Bootstrapping is a technique that has always fascinated me. In few words, by feeding an in-phase signal to the other end of the resistor, you can increase its value many times (up to infinity but limited by how much the in-phase signal is attenuated). It's an application of the Miller theorem. While this is also basically positive feedback and has to be done carefully, it seems great, because it allows a resistor to be large for AC signals but its actual value for DC.
As an example, it is in both theory and practice a good way to counter one problem of the good old bipolar transistor when used in high impedance circuits: the base current results in a significant voltage drop in the bias resistor(s), throwing off that bias in a beta-dependent fashion. To give some context, a collector current of 450μA (think of the usual center-biased emitter follower with 10k resistor and 9V supply) means a voltage drop of 2.25V across a 1M bias resistor for a transistor with a current gain of 200.
BootBuffer
Bootstrapping to the rescue! By feeding the other end of the bias resistor with the emitter signal, we can get the same ~1M input impedance with a 220k bias resistor, resulting in a fifth of the voltage drop across it. Here's what that looks like in practice:
The reason for R1 and R2 to not be equal is mostly to compensate for the Vbe drop and put the emitter at 4.5V. The voltage dropped across R3 is even smaller at this current than assumed by that back-of-the-paper calculation. Even two 10k resistors will be fine there.
The input impedance was about 1M at all frequencies of interest with a 3904 transistor, both in simulation and in reality. Using an high hfe transistor like the 5088 results in close to 2M, and still way above 1M even with 100k R3 (which makes the voltage drop tiny indeed). The frequency response is flat between 20 and 20kHz and the distortion is very low, or at least as low as you can expect from any single-ended buffer (<0.1% with instrument levels).
Finally there's a match for JFET followers at these impedances, all with just one extra capacitor (or maybe no extra capacitors, you would want to decouple your bias divider anyway). Of course op-amp buffers sit above both, but if you're considering discrete buffers you probably are concerned about the footprint, the current draw, the output swing or something else.
BootBoost
Can we apply this same idea to a common-emitter boost? Of course! This arrangement is similar to one Roland used in their first pedals, to give an example.
The principle is similar to the previous one, except that there's now a degenerated common emitter, with the bootstrap signal still taken from the emitter. No degeneration doesn't just mean too much gain, it also means no emitter signal to take advantage of. Also the input impedance would drop to the floor again, since the upper limit of this circuit is the R5 resistor multiplied by the current gain in parallel with the input. The fix for that would be a two-stage feedback amplifier, or just an op-amp.
This actually gets very close to that, with the advantages of bootstrapping and feedback biasing giving both a stable bias and one that isn't affected much by base current.
Again, the measured input impedance was similar to the simulated one.

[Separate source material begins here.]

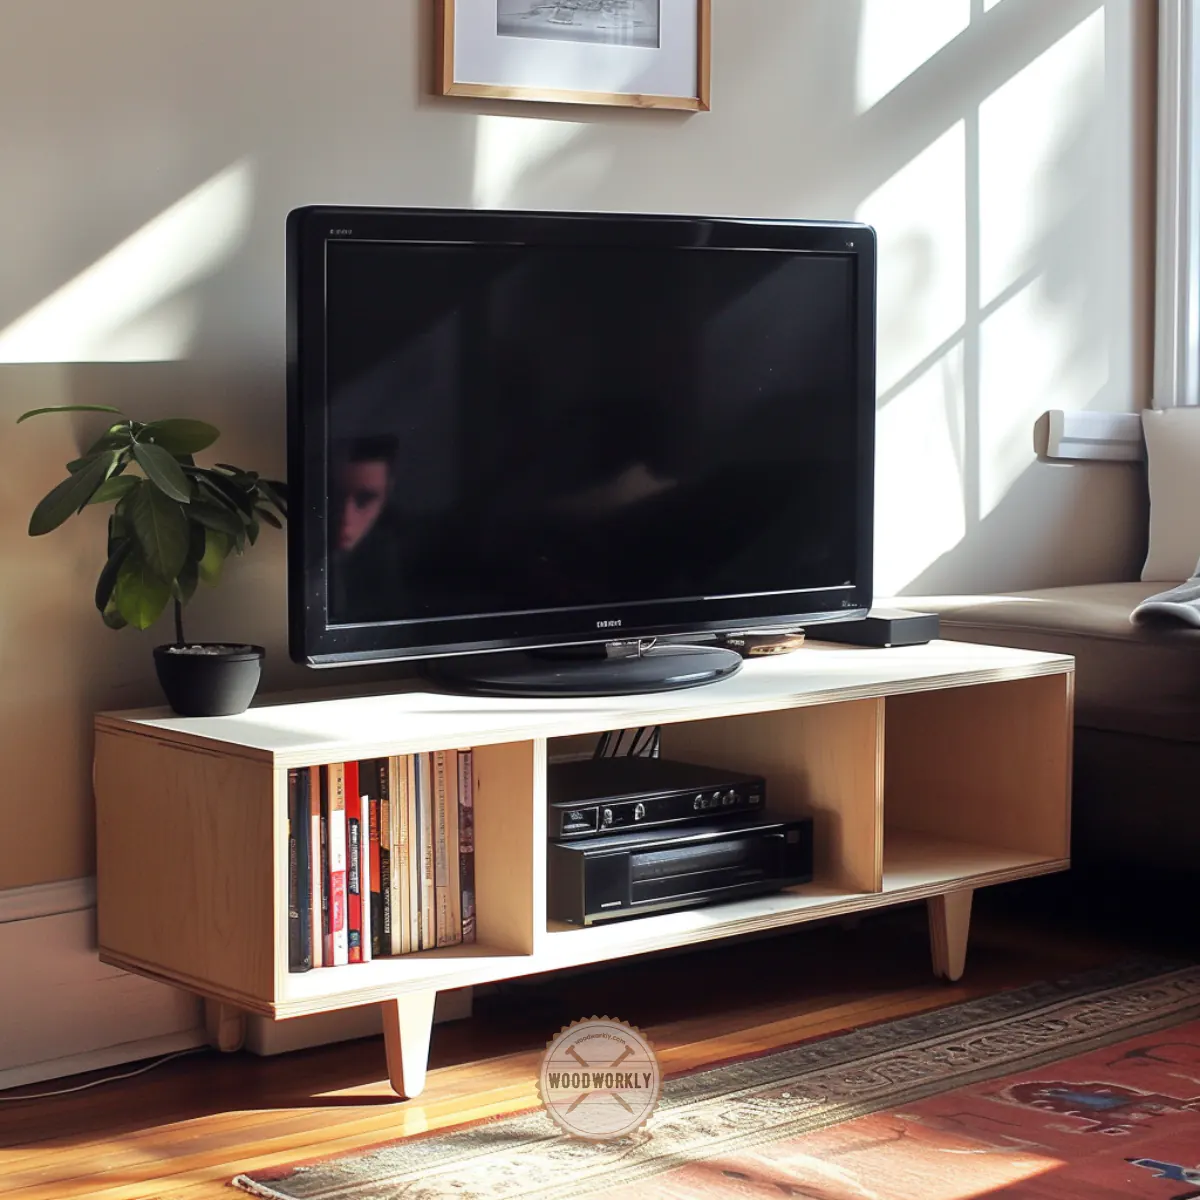 Plywood Tv stand

I'm showing a 5088 here since that gets closer to 1M, but a 3904 gives an input impedance that is more than enough for most, especially in a boost. Distortion was again respectable and on par to what you'd expect without the bootstrapping, until you clip it with an input signal that is too large because you're limited by the 9V supply and the gain.
If that's the case and you want less gain, you're in luck, because increasing R5 not only decreases gain, but also increases the input impedance. Your maximum unclipped RMS output voltage will be the same (about 6.7Vp-p), but I again remember you that 18V is just 6dB more than 9V.
BootFuzz
The post wouldn't be complete without a fuzz. This is actually a circuit from last year, when I built an excellent simple microphone preamp from ESP and realized right away that I could abuse it into a fuzz, much in the same way that led to the Fuzz Face. I'm sorry to what I did to the circuit, but it resulted anyway in a nice and simple fuzz that doesn't require biasing or other particular effort to work.
Wait a moment, fuzz? The second stage is a follower, this can't have much gain!"
The answer is in the bootstrapping. R3 has almost the same signal at both ends, making it much larger than it is for AC. Since the gain of the first stage is the collector load times the transconductance, the gain is much higher than it would if C3 wasn't there. The follower does other two nice things for us: giving a low output impedance and providing a convenient feedback bias for Q1. Feedback bias also means that the bias isn't affected much by hfe, just by the R5/R6 divider, so you can pop in whatever NPN you find on the floor. If for some reason the output is too loud, the R5-R6 junction provides an alternative output just for curiosity.
This is how it sounds. I haven't provided clips of the other two, because I can confirm they sound just like the guitar.